Muito além de cumprir normas, prevenção precisa estar na cultura da empresa, nos seus valores e práticas diárias. Isso inclui desde o treinamento de lideranças até a escuta ativa dos trabalhadores. Uma cultura de prevenção envolve transparência, respeito e empatia.
O senhor acredita que as novas tecnologias e a inteligência artificial podem ajudar no monitoramento e prevenção de riscos no trabalho?
Sem dúvida. Hoje, já existem softwares capazes de monitorar condições ergonômicas e antecipar riscos. A inteligência artificial pode ser uma aliada poderosa, desde que esteja a serviço da dignidade humana, preservando o direito à privacidade e à desconexão.

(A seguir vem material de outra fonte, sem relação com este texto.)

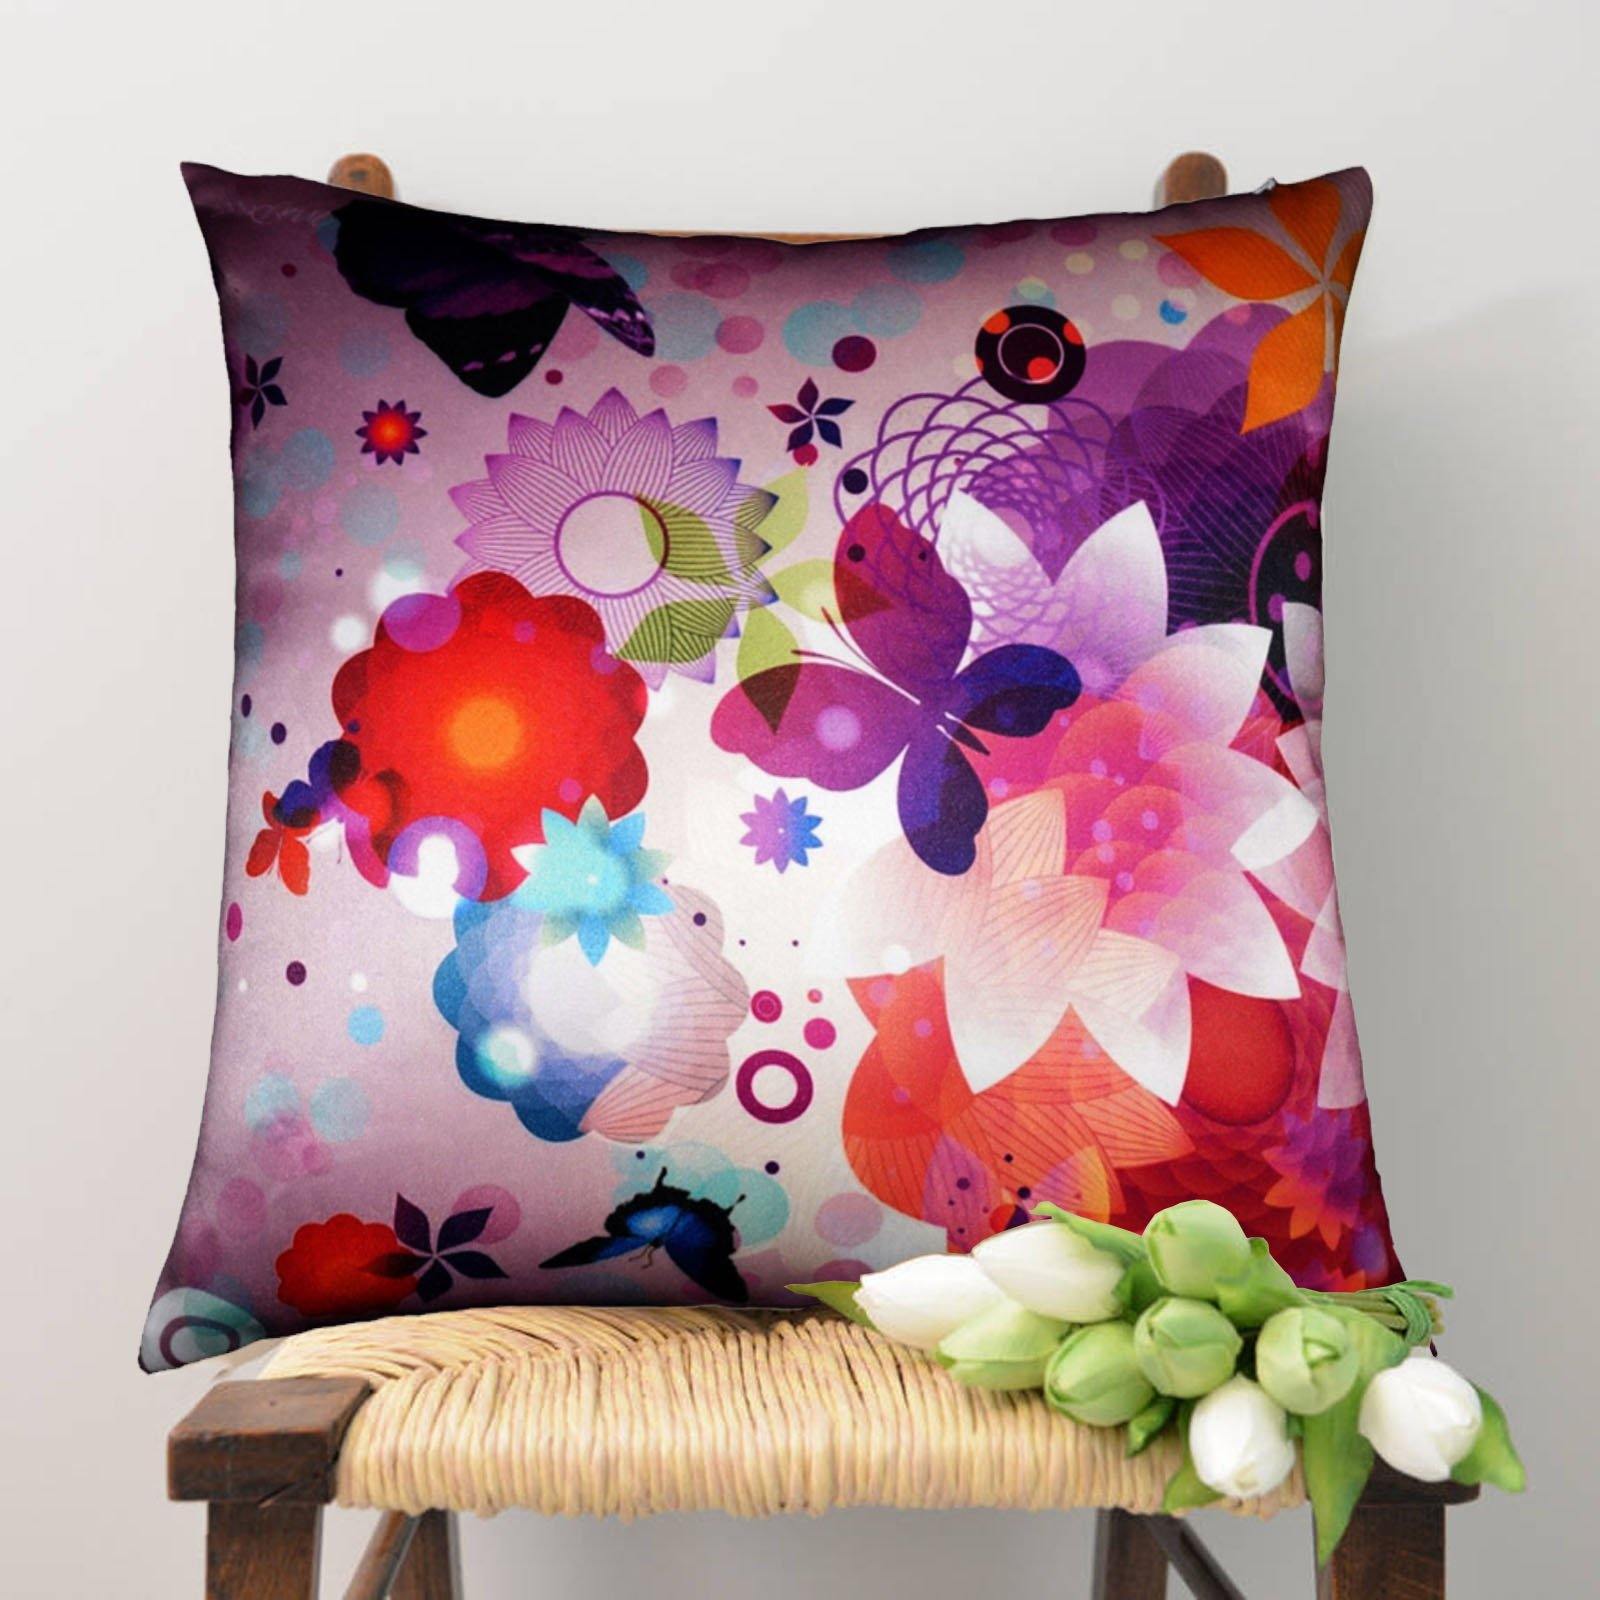 Lushomes Digital Printed Butterfly Cushion Cover on Ultra Premium Fabric - Lushomes

Qual mensagem o senhor deixa aos empregadores, trabalhadores e estudantes sobre a importância do Abril Verde?
O Abril Verde é um convite à reflexão e à ação. Aos empregadores: prevenir é investir no seu maior patrimônio, que é o ser humano. Aos trabalhadores: conhecer seus deveres e direitos é o primeiro passo para a dignidade do trabalho. E aos estudantes: saúde e segurança no trabalho são a base de uma sociedade justa e sustentável. Vamos juntos construir ambientes onde a vida seja prioridade.